The method includes configuring a plurality of test scenarios delivered on a touch based user interface having a communication interface with a processing device. The method includes measuring one or more of the plurality of traits based on user activity with the test scenarios, where the user activity comprises at least one of movement of at least one finger along a predefined pattern in one or more trajectories, simultaneous movement of at least one finger and thumb, and movement of at least one finger when thumb is pivoted.

The method includes comparing the measurements with the corresponding measurements in the predictive model; generating at least one of, one or more scores, and feedback analytics for the one or more plurality of traits based on the comparison; and reporting the one or more scores to at least one of the touch based user interface and an external device.

A system for measuring a plurality of traits associated with motor skills of a user, and providing a score based on the plurality of traits is provided in another embodiment of the invention. The system is implemented using a non-transitory computer readable medium and includes a predictive model comprising a benchmark to score each of the plurality of traits, wherein the plurality of traits comprise at least one of finger dexterity, speed of execution, finger and thumb co-ordination, wrist rotation, hand-eye co-ordination, hand steadiness, reaction time, accuracy of action. The system also includes a test module having different test scenarios to test one or more of the plurality of traits. The system includes a touch based user interface for providing the test scenarios for user activity, wherein the user activity comprises at least one of movement of at least one finger along a predefined pattern in one or more trajectories, simultaneous movement of at least one finger and thumb, and movement of at least one finger when thumb is pivoted.

The system includes a processing module for receiving data representative of the user activity, for measuring one or more of the plurality of traits based on the user activity with the test scenarios, for comparing the measurements with the corresponding measurements in the predictive model, and for generating at least one of, one or more scores, and feedback analytics for the one or more plurality of traits based on the comparison; and a reporting module to receive and communicate at least one of, one or more scores, and feedback analytics for the one or more plurality of traits to at least one of the touch based user interface and an external device.

DRAWINGS

These and other features, aspects, and advantages of the present invention will become better understood when the following detailed description is read with reference to the accompanying drawings in which like reference numerals represent corresponding parts throughout the drawings, wherein:

FIG. 1 is a flowchart representation of exemplary steps of the method for measuring a plurality of traits associated with motor skills of a user, and providing a score based on the plurality of traits, wherein the method is implemented on a non-transitory computer readable medium;

FIG. 2 is a diagrammatic representation of an exemplary system based on the method of the invention that is implemented using a non-transitory computer readable and storage medium;

FIG. 3 is a diagrammatic representation of a test scenario where the user is required is to change the size of the outer circle and fit it inside the inner circle;

FIG. 4 is a diagrammatic representation of a test scenario where the user has to precisely move his/her fingers to resize the outer circle inside the two inner circles.
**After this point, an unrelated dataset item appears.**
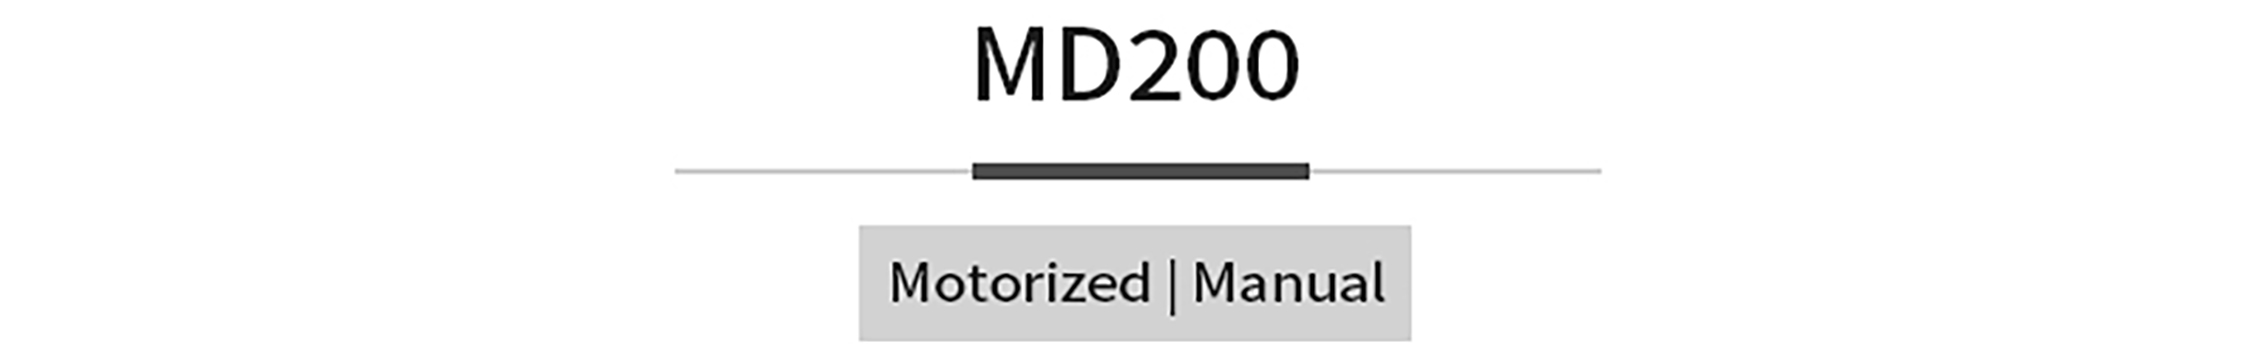 MEDO-MD200TM详情页_02

FIG. 5 is a diagrammatic representation of a test scenario where the user can place thumb of the dominant hand on a particular position and use the same hand to trace inside an arc;

FIG. 6 is a diagrammatic representation of a test scenario where the user has to select the fire sign;

FIG. 7 and FIG. 8 are the diagrammatic representation of test scenarios where the user has to trace inside the given patterns; and

FIG. 9 and FIG. 10 are diagrammatic representations of test scenarios where the user has to roll the ball inside the circle.

DETAILED DESCRIPTION OF THE INVENTION

As used herein and in the claims, the singular forms “a,” “an,” and “the” include the plural reference unless the context clearly indicates otherwise.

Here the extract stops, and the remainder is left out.